The annual town meeting will be held next Monday… The town will also vote by ballot as to whether any person shall be licensed to sell spirituous or intoxicating liquors in this town during the coming year.

The first entertainment of the Suffield Festival was held in the Congregational church last evening and in spite of the inclement weather, the seating capacity of the church was taxed. The entertainment was “Puss in Boots” with a cast of about 100 Suffield children. The production was well staged and prettily costumed…The next entertainment in the course will be a lecture on “Prison Reform” by Col. Norris G. Osborn of New Haven.

Since Town Treasurer S. R. Spencer has doubled the defenses about his lawn at the trolley terminus [corner of Main and Kent], speeding automobiles have either been stopped or have gone over the fences in such small pieces as to do but little damage.

October 10

The first meeting of the Mapleton literary club was held…The subject discussed was “The woman of the new era.”

October 17

The librarian’s report shows the total circulation of the year… 17,050… This was below last year owing to the closing of the library during the influenza epidemic last winter.

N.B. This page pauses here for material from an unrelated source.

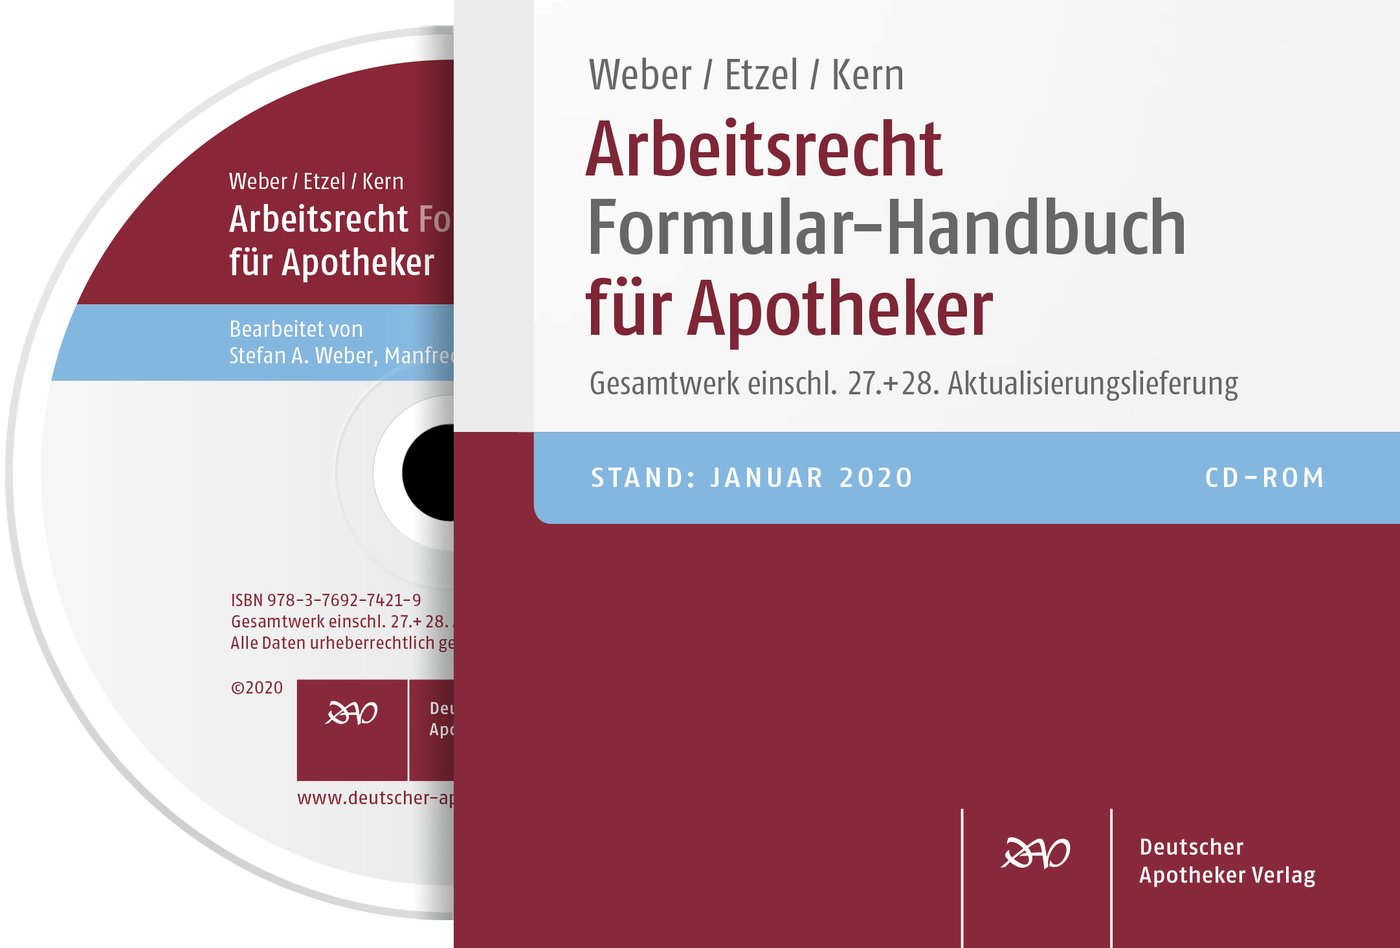 Arbeitsrecht Shop Deutscher Apotheker Verlag

The first meeting of the season of the woman’s reading club was held Wednesday… The subject of the meeting was “Poland, her land and people.”

October 24

Three of the hotelkeepers of the town have applied to the county commissioners for licenses to sell spirituous and intoxicating liquors in this town. This is owing to the change from the dry to wet column, by the vote of the annual town meeting. The applicants are the Suffield House, Smith Hotel and Cannon’s Hotel.

Some of the growers took down a little of their stalk tobacco this week, and report an excellent crop. In some sections, it is said that there is a little pole-burn and in others a little canker.

October 31

The general committee for the Welcome Home [veterans] celebration… met… to perfect arrangements. It is estimated that there will be about 450 at the dinner… and about 300 at the supper and theatre party. It is urged and expected that the people of the town will turn out to the band concert in the morning and give the soldiers and sailors a welcome that they will not forget. The buildings in the center of the town will be decorated and residents of any part of the town that own a flag are requested to put it out on that day.

The Grand Army and Spanish War Veterans have also been invited to participate in the celebration…

A large stock barn, two tobacco barns and their contents, owned by Ted Barron on North Grand Street, were destroyed by fire, causing a loss of $12,000.

The fire started in the hay barn. All the stock was saved, but seven acres of tobacco, fifty tons of hay and most of the farming tools were lost. The Suffield chemical truck was called and with their help, the house was saved.

Mrs. Barron, who was confined to her bed, was removed from the house to the home of Joseph Adams.

The buildings were insured but the tobacco and hay were a total loss. Insurance adjusters were at Mr. Barron’s place Tuesday and allowed claims for about $5,000 insurance.

Owing to the loss of his barns and feed, Mr. Barron will be unable to keep his stock during the winter and will sell them at auction.